Sakura Seminar House, a project commissioned in celebration of the centennial anniversary of Wayo Woman’s University, is a retreat house for the faculty, students and alumni. Sited on 8 hectares of meadow, the balance between architecture and landscape was designed to create an integrated whole where the architecture acts as a mediating filter between the interior garden void and the expansive meadow beyond. A play of different spatial scales brings new opportunity for social interactions between students.

Wayo Women’s University Seminar House Plans, Chiba Pref., Japan. 1997.

Main Building and Cafeteria: Classrooms, Japanese tea room, Audio-visual hall, lecture hall, foyer, main hall, administration offices, Cafeteria and kitchen and machine room.
Dormitory Wing: Rooms for 112 students and 6 faculty members plus bath house and garden with capacity of up to 30 students.

Awards:
BCS Award (Building Contractors Society).
JIA Award for the Best Young Architect. (Japan Institute of Architecture).
AIJ Award (Architecture Institute of Japan).
Chiba Prefecture Architectural Cultural Award.
‘G’ Design Award. Designer’s Award Series. (Category in Architecture.)

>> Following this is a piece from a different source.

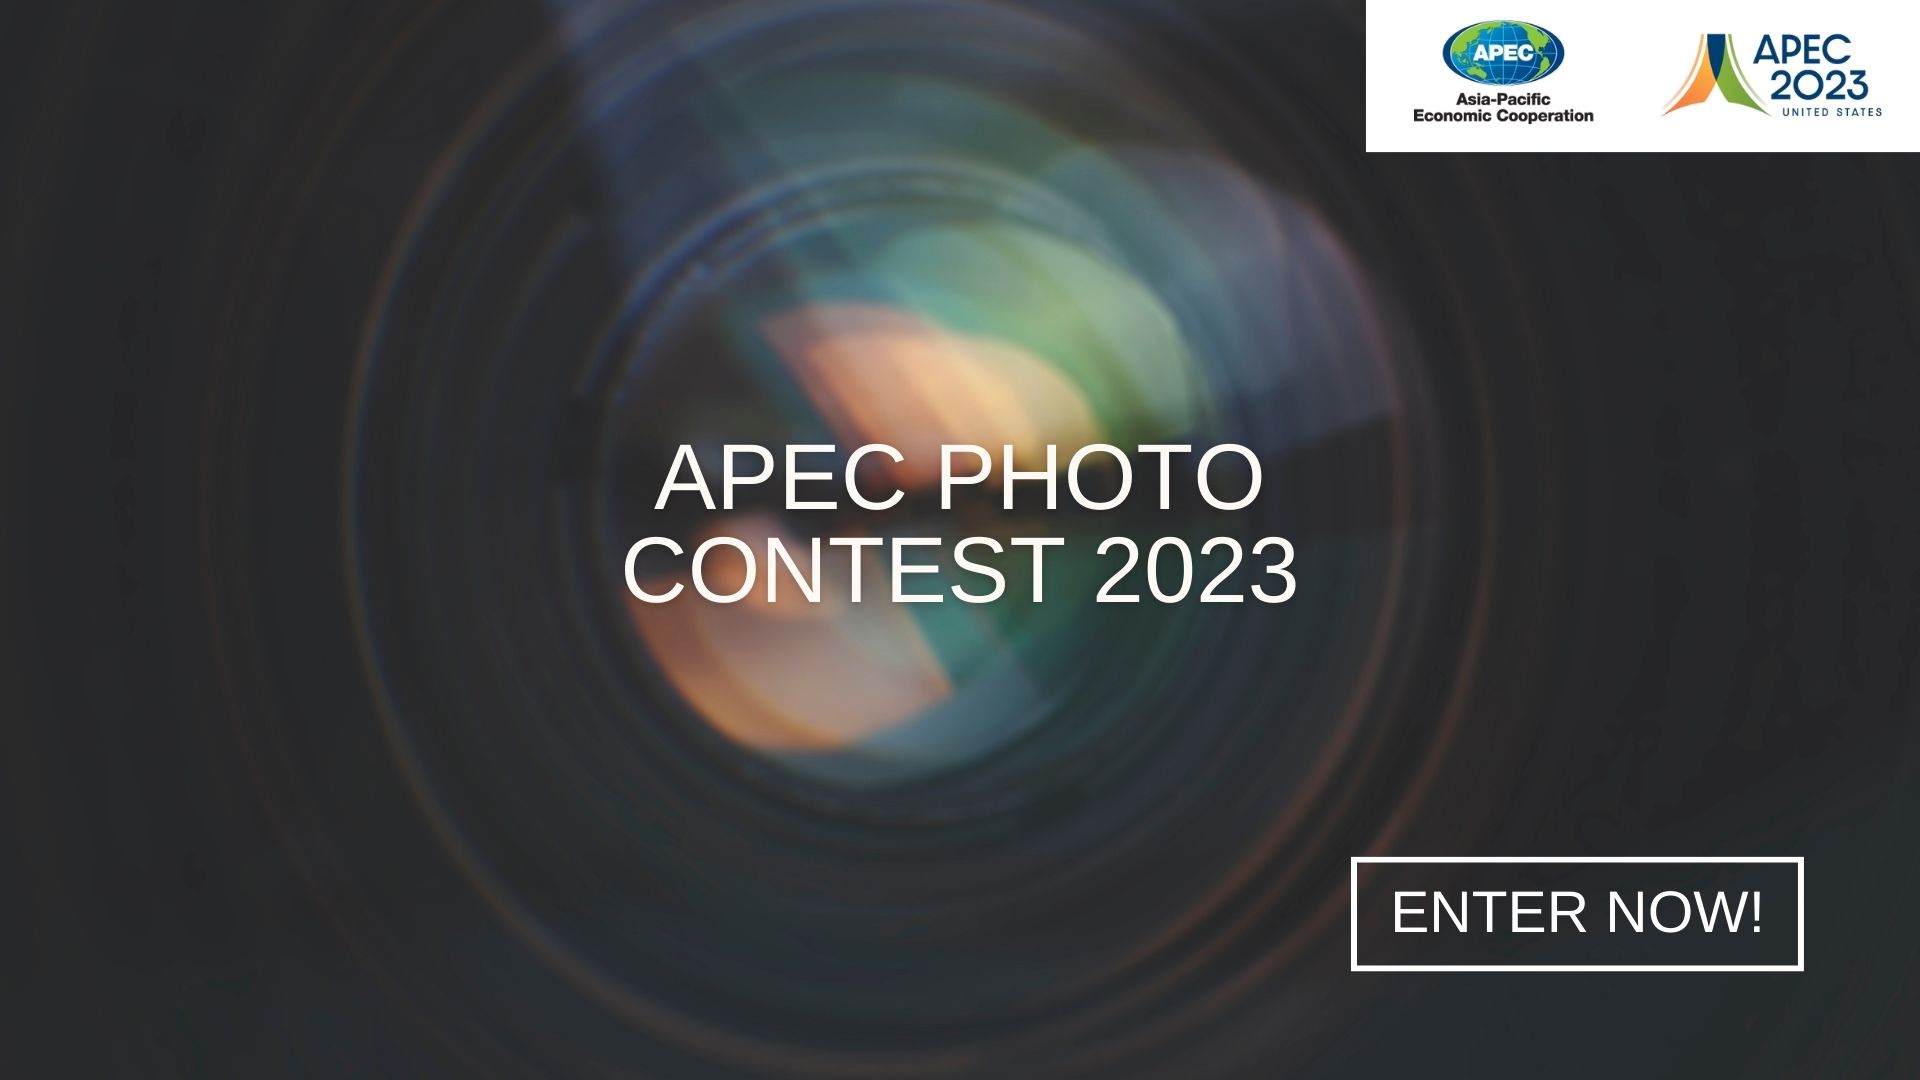 APEC Photo Contest 2023 APEC

Yamaguchi Prefecture University Master Plan and Phase I. 1996.
Consultant to Nihon Sekkei.

Extension of the University onto a mountainous site required sensitive site planning for a four-phased master plan. Completion of Phase I: Front entrance and promenade leading into future campus center.

Oyake House. Tokyo, Japan. 1995.
Setagaya-ku Housing Award. First Place.

Two story house organized around a courtyard for a family of four.

Proposals
• Meiji Jingu Studio Roof Plaza Design. Harajuku, Tokyo. 1998.

A roof garden with a glass spiral stairway sets a place for respite in the busy district of Harajuku. Located on the 3rd level of a eleven-story tower, the garden was designed for the Sony sound and broadcasting studio.

• Azabu Campus Master Plan. Tokyo. 1996.
Invitation Competition. Second Place.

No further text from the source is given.